Хоровод — страница 2 из 51

— Мы снимаем эту работу с обсуждения, — сказал председатель, — но отметим в протоколе ее художественную состоятельность. — Он повернулся к главному художнику фабрики и спросил у нее: — Автор молод?

— Да, — ответила та.

— Через неделю начнется отбор для молодежной выставки. Порекомендуйте автору показать выставкому эту работу.

После этих слов автор встала и, не взглянув на меня, пошла к двери. Пошла — не совсем, точно, до двери было шага три, Томка поднялась и тут же скрылась за дверью. А я осталась. У меня не хватило пороху последовать за ней. На Томкин стул села главный художник фабрики. Так мы и сидели рядом до конца обсуждения, чувствуя неловкость оттого, что нечего нам сказать друг другу.

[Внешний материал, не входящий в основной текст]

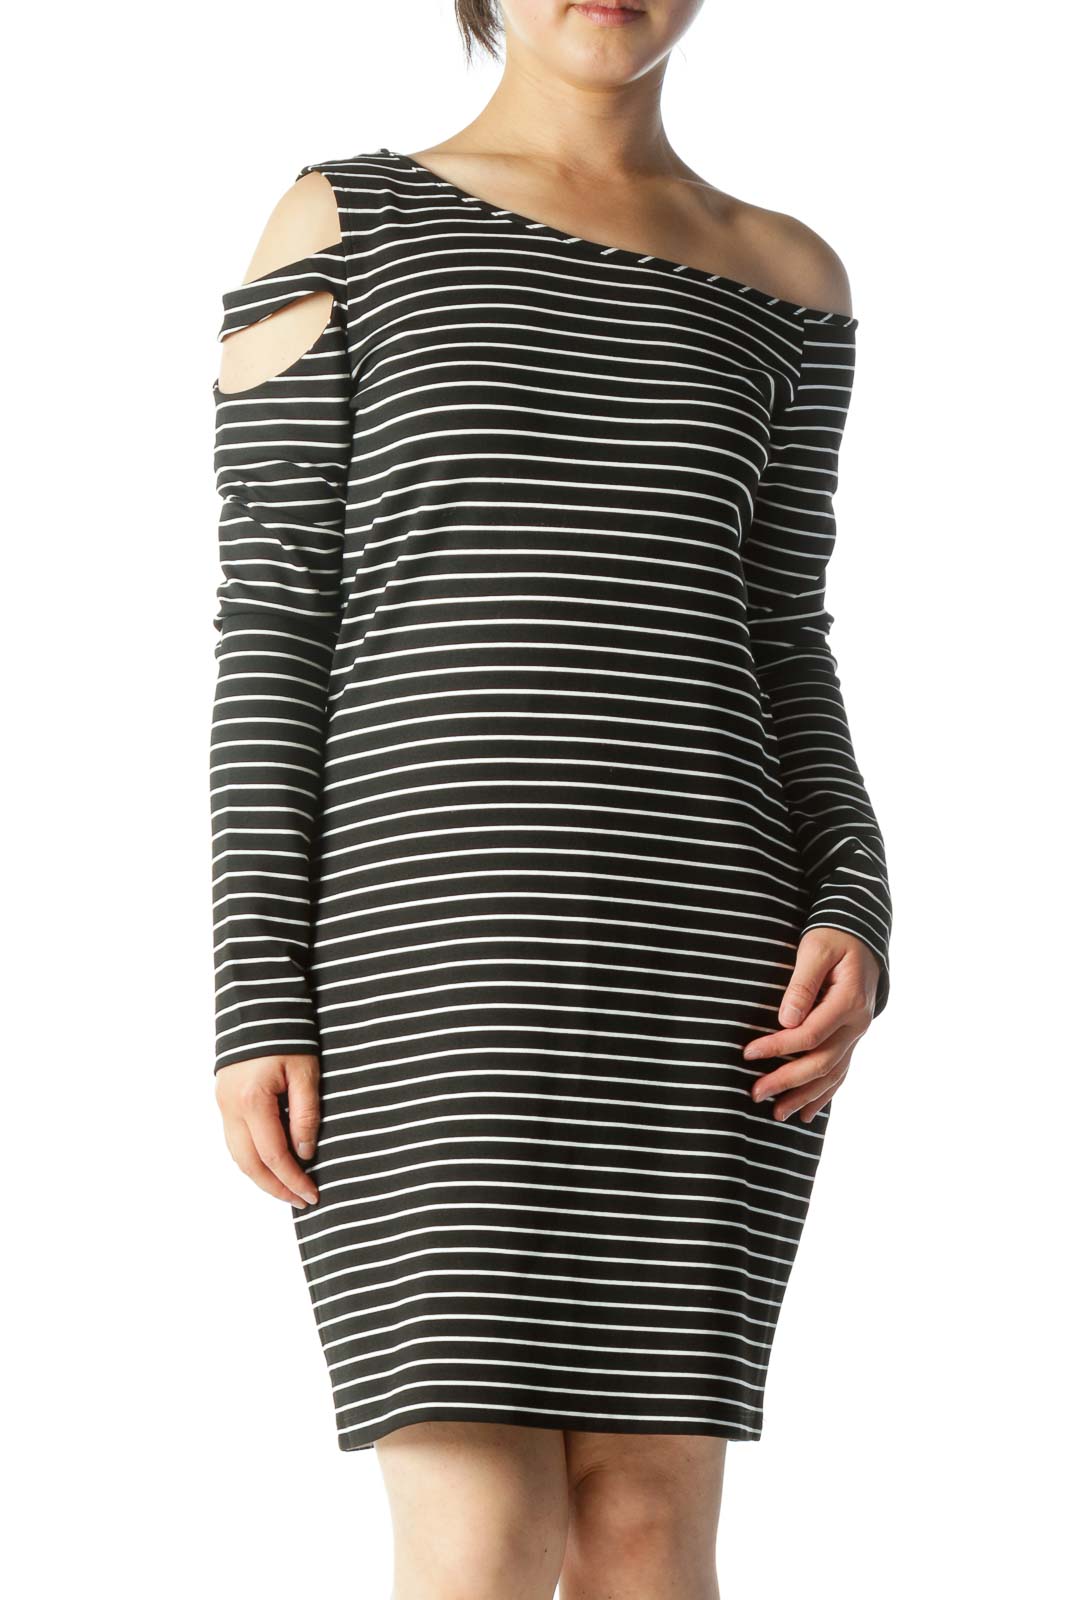 Black & White Striped Long-Sleeve Off-Shoulder Cut-Out Knit Dress Front

Когда заседание закончилось и все поднялись со своих мест, в просвете между головами я опять увидела глаза председателя художественного совета. Это был все тот же взгляд, грустный и внимательный, похоже, что Адам Петрович ждал от меня чего-то. Главный художник сложила платки своей фабрики в чемоданчик и ушла, я тоже поглядела на дверь, потом на Адама Петровича, и женская моя натура взяла верх — нет, то было не любопытство, скорей деликатность, не могла я повернуться и уйти, оставив этот странный взгляд без ответа.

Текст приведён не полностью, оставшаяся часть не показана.